Your doctor may also order a biopsy of the tissue if they suspect you are having mouth cancer. They will send the tissue sample to a pathologist for testing.

Treating mouth cancer

Treatment for mouth cancer depends on the location of the cancer, its severity, and your overall health.

If you have oral cancer, your doctor will likely recommend surgery to remove the cancerous tissue.

Some people may opt for radiation therapy, which uses high-energy rays to kill cancer cells. This can be used to treat squamous cell carcinoma of the mouth.

Your doctor will also recommend surgery to remove any remaining cancerous tissues if they are too far away from the mouth.

Mouth cancer can also be treated with chemotherapy. This type of treatment uses drugs to kill cancer cells.

Your doctor will recommend the treatment that best fits your needs, based on your overall health and the severity of your condition.

Mouth cancer may be fatal if it is not treated.

Preventing mouth cancer

You can reduce your risk of developing mouth cancer by:

  • Avoiding exposure to tobacco smoke
  • Drinking alcohol in moderation
  • Eating a healthy diet
  • Getting regular dental checkups

Outlook for mouth cancer

Most mouth cancer is treatable, and the outlook is good for most people who are diagnosed with this cancer.

In general, the outlook for people with mouth cancer depends on whether it is early or late-stage.

Early-stage mouth cancer is more likely to be treatable. The outlook is also better for people who are diagnosed at an early stage.

People who are diagnosed with late-stage mouth cancer may need more extensive treatment.

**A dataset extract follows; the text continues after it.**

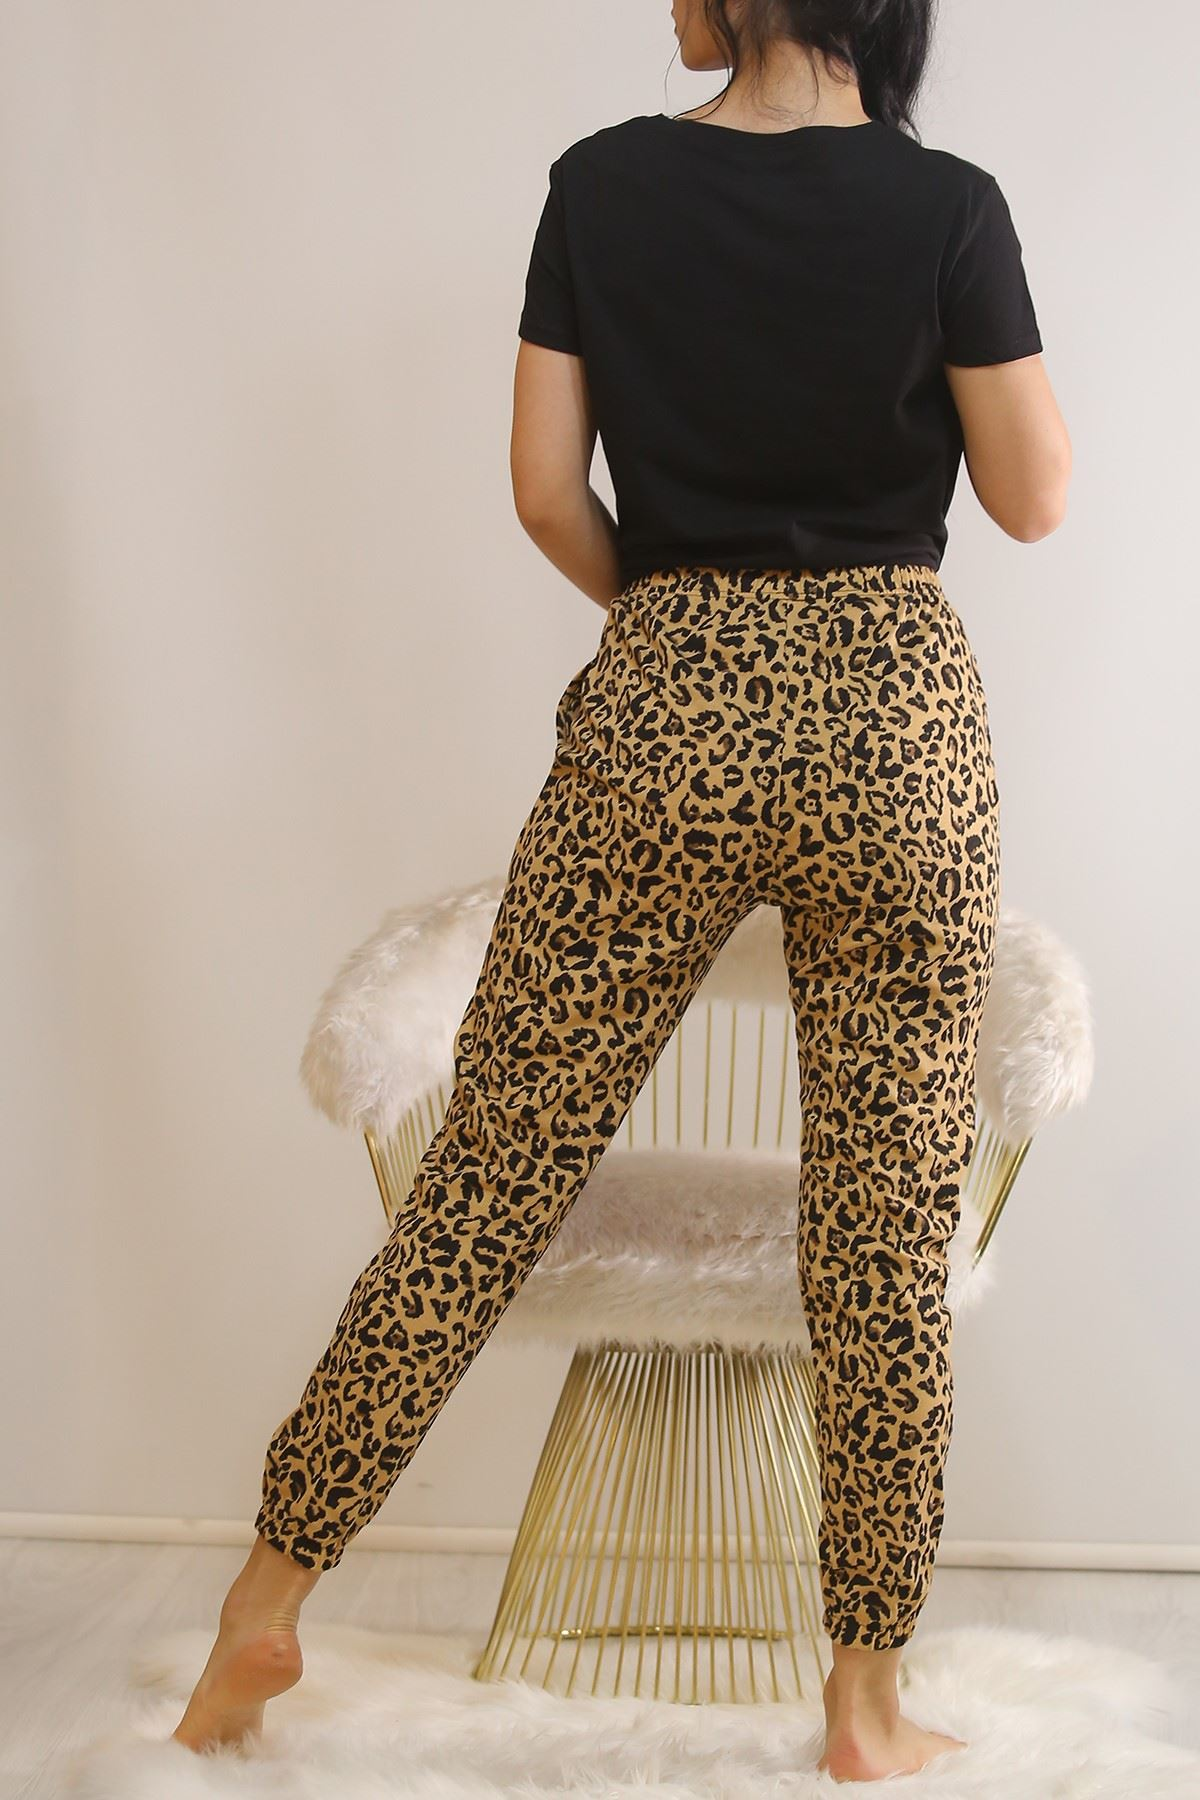 Bağlamalı Pijama Takımı Siyah - 5991.1059.

Early detection and treatment of mouth cancer can increase the chances of a good outcome.

Prevention is also key.

If you have a weakened immune system, you should work with your doctor to schedule regular dental checkups.

You can also avoid smoking tobacco and drinking alcohol in moderation.

You should also avoid your mouth, especially if you have a weakened immune system.

How to reduce your risk of developing mouth cancer?

It is possible to reduce your risk of developing mouth cancer, but it is not always easy.

To prevent mouth cancer, you should:

Your doctor or dentist can help you determine the best course of action for your condition. If you experience any of the symptoms of mouth cancer, make an appointment with your doctor as soon as possible.

When to contact a doctor?

The symptoms of mouth cancer can be similar to those of other conditions, such as oral thrush, so you should contact your doctor if you experience any of the following:

  • A mouth sore that does not go away
  • A persistent sore on the tongue, lips, or mouth
  • Pain in your mouth or jaw that is severe
  • Swelling in your face, lips, tongue, or mouth
  • Difficulty moving your jaw or chewing

Risk factors for mouth cancer

The risk factors for mouth cancer are similar to those for most types of cancer.

These risk factors include:

  • A weakened immune system
  • Being older than 50 years of age

Now over to you

If you are concerned about developing mouth cancer, make an appointment with your doctor as soon as possible

You can reduce your risk of mouth cancer by avoiding exposure to tobacco smoke, drinking alcohol in moderation, eating a healthy diet, getting regular dental checkups, and avoiding your mouth, especially if you have a weakened immune system.